Одну из ролей в фильме сыграл Влад Иванов — любимый актер режиссеров румынской «новой волны», известный ролями макабрического доктора Бебе в фильме «4 месяца, 3 недели и 2 дня» Кристиана Мунджиу и философски настроенного шефа полиции из картины «Полицейский, прилагательное» Корнелиу Порумбою.

В фильме Лозницы Иванов (несмотря на имя и фамилию почти не говорящий по-русски) сыграл майора милиции из Москвы, которого за мелкое нарушение задерживают на трассе провинциальные гаишники — решить дело по-свойски у него не получается. Накануне каннской премьеры Влад Иванов рассказал OPENSPACE.RU об обыденности зла и протестной инерции в румынском кино.



— Вы стали известным актером уже в довольно зрелом возрасте. Чем занимались до этого?

— Я всегда очень хотел заниматься именно этим. Чтобы выжить в Бухаресте (а я приехал туда из другого города), работал продавцом в магазине, потом поступил в актерскую школу. Работал в Румынском национальном театре, пока не снялся у Мунджиу — это был мой первый серьезный опыт в кино.

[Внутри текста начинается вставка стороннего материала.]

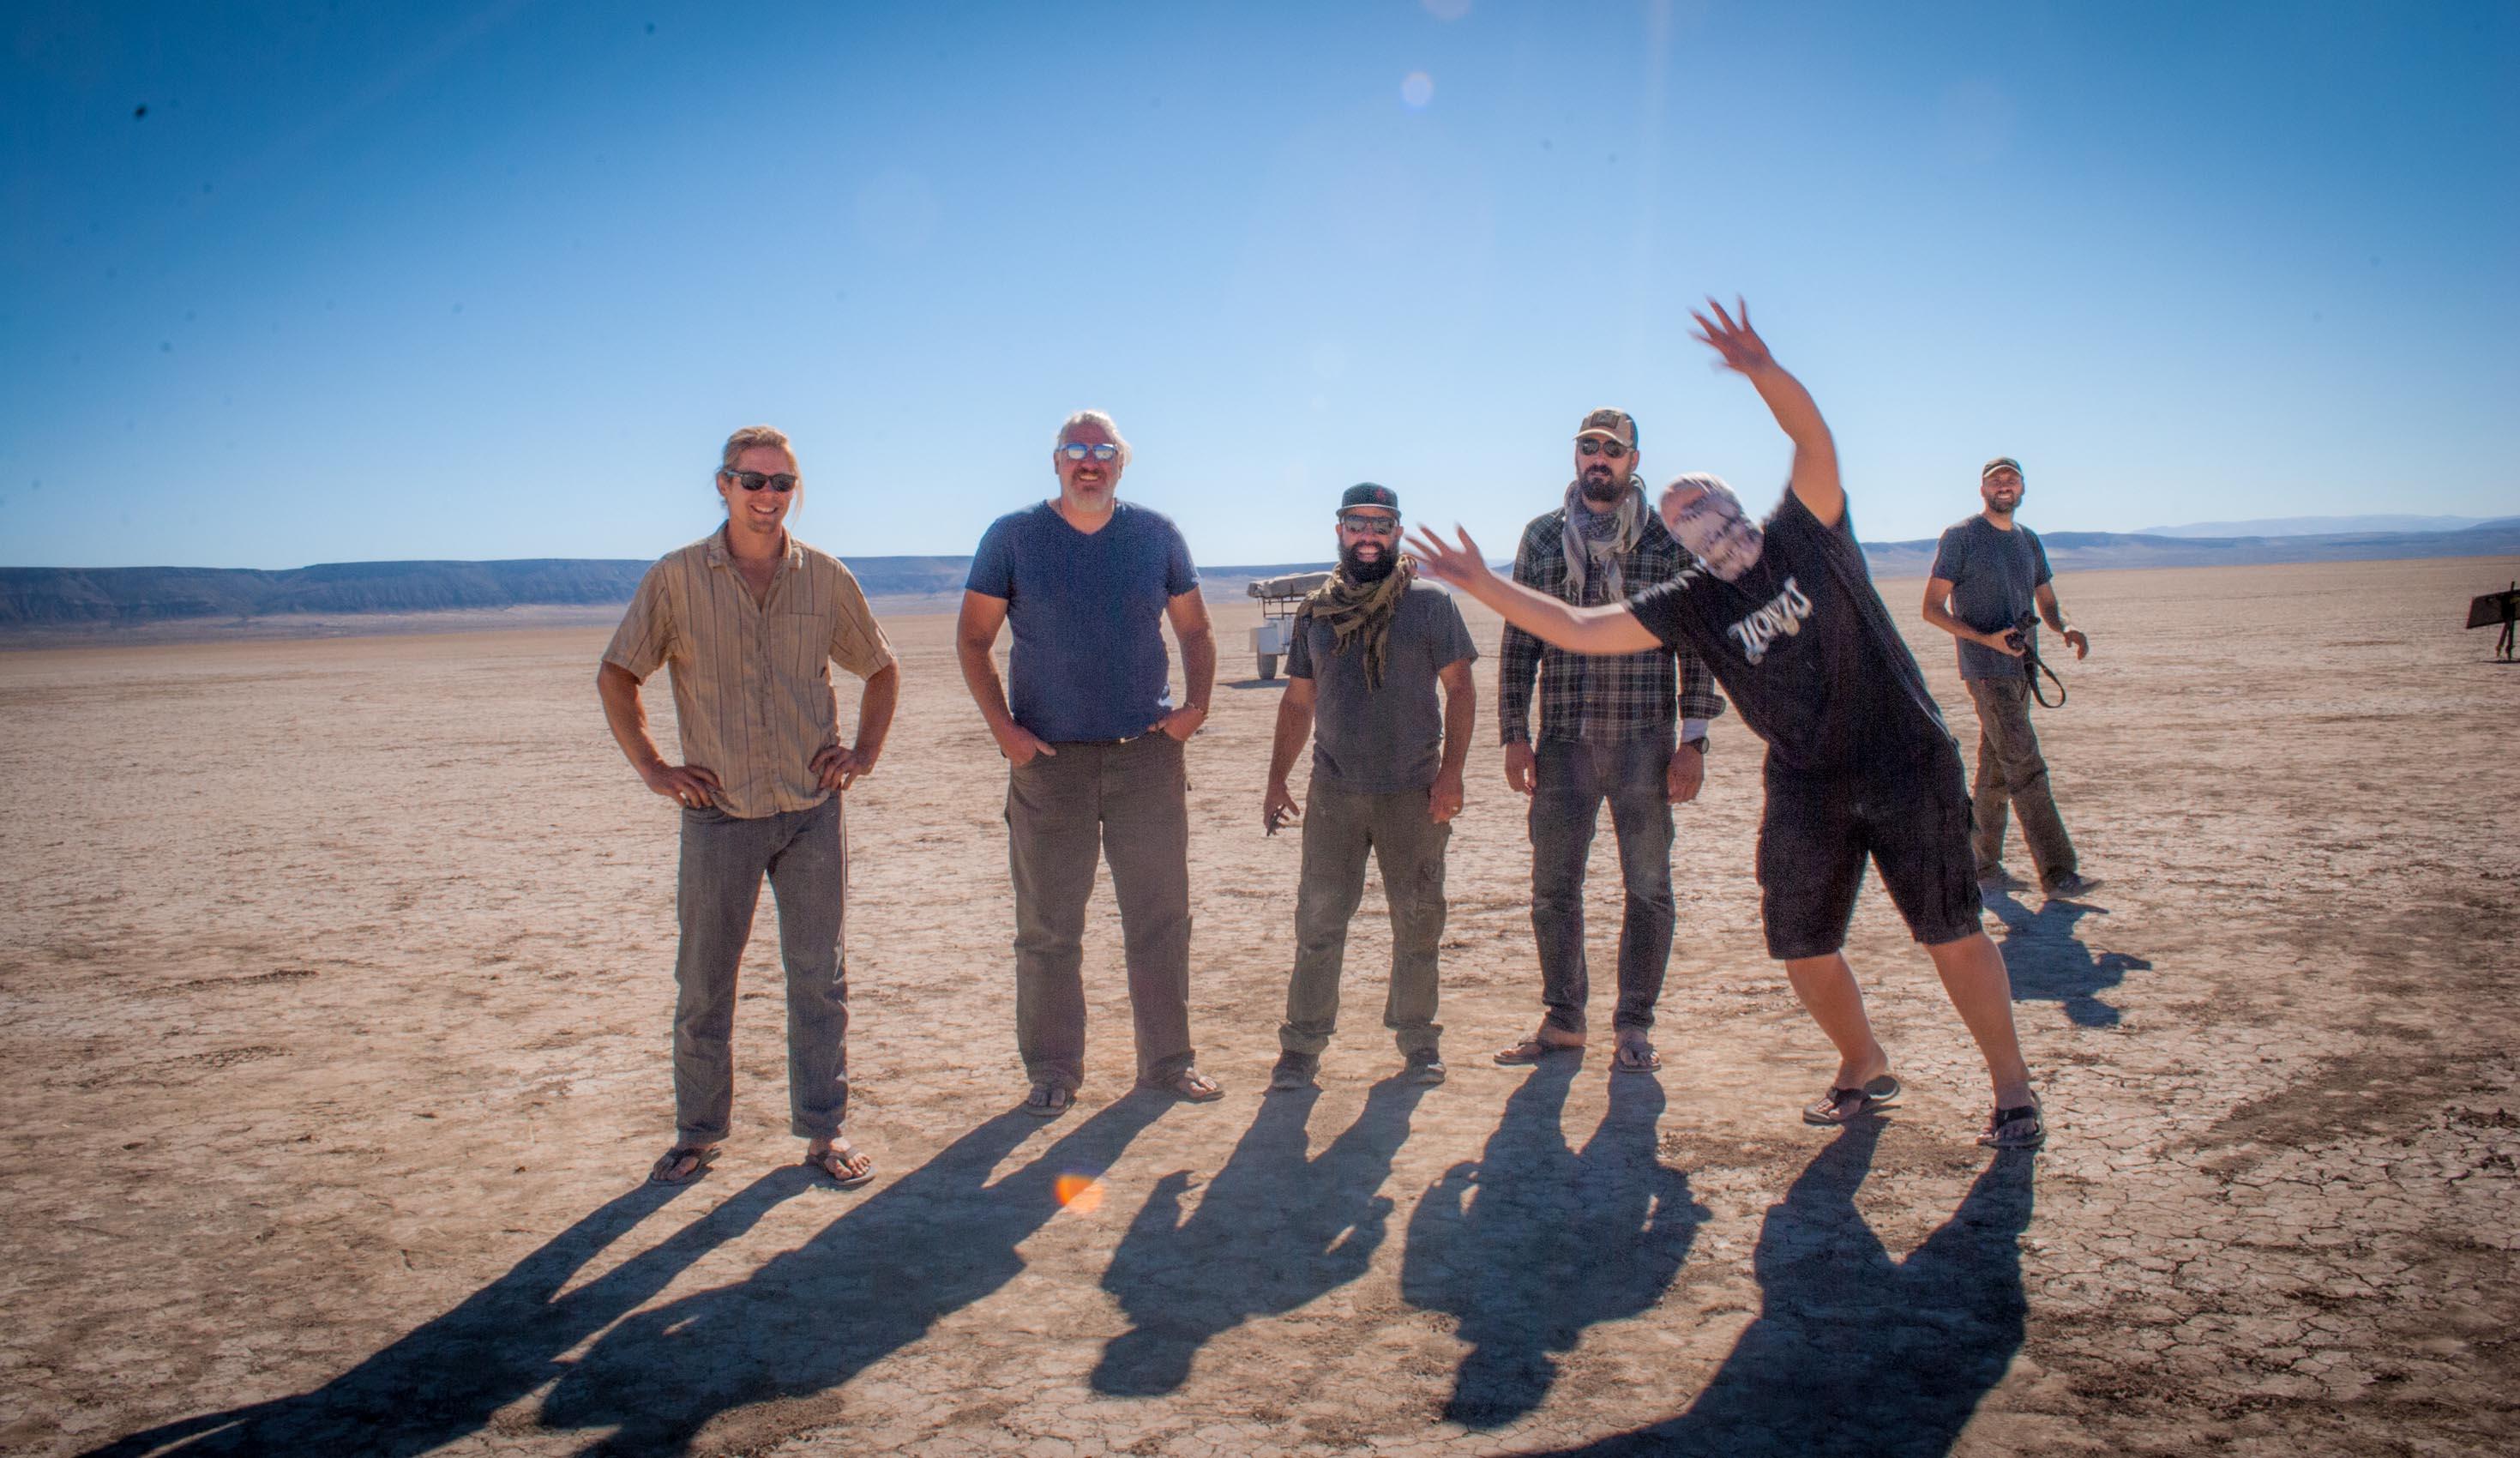 The boyz, Alvord Desert, A2A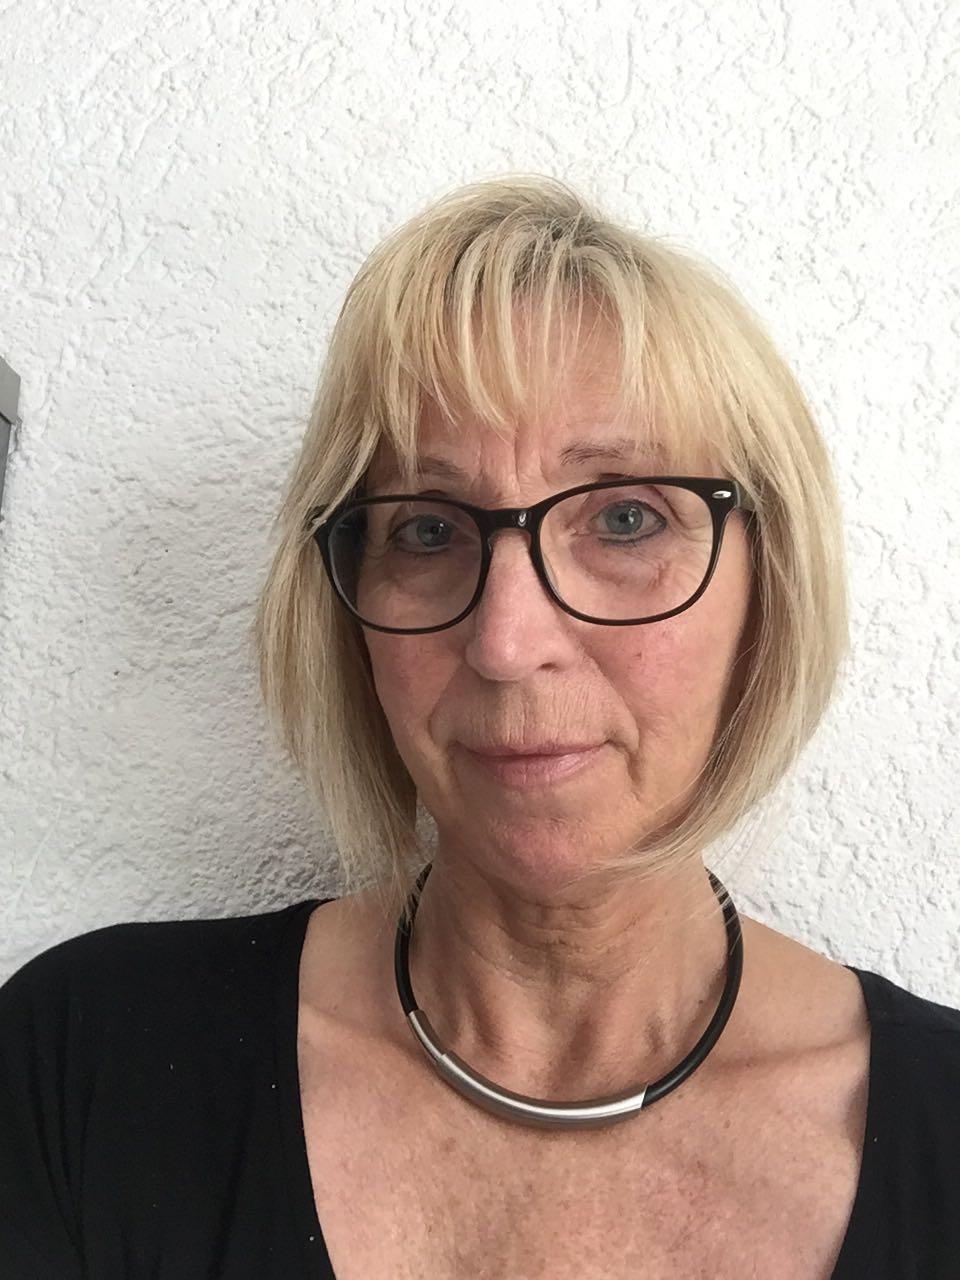 Rita Noss, Protokollarin, protokollarin@funkenrotweiss-nwd.de

— Как вы попали в картину Сергея Лозницы?

— Прислали сценарий, он мне показался выдающимся. Сам режиссер понравился — и то, что у него огромный опыт в документальном кино. И на русском языке интересно было поработать. В общем, решил рискнуть.

©  SOTA Cinema Group

Кадр из фильма «Счастье мое»

Кадр из фильма «Счастье мое»

— Сильно русский, украинский режиссер отличается от румынских?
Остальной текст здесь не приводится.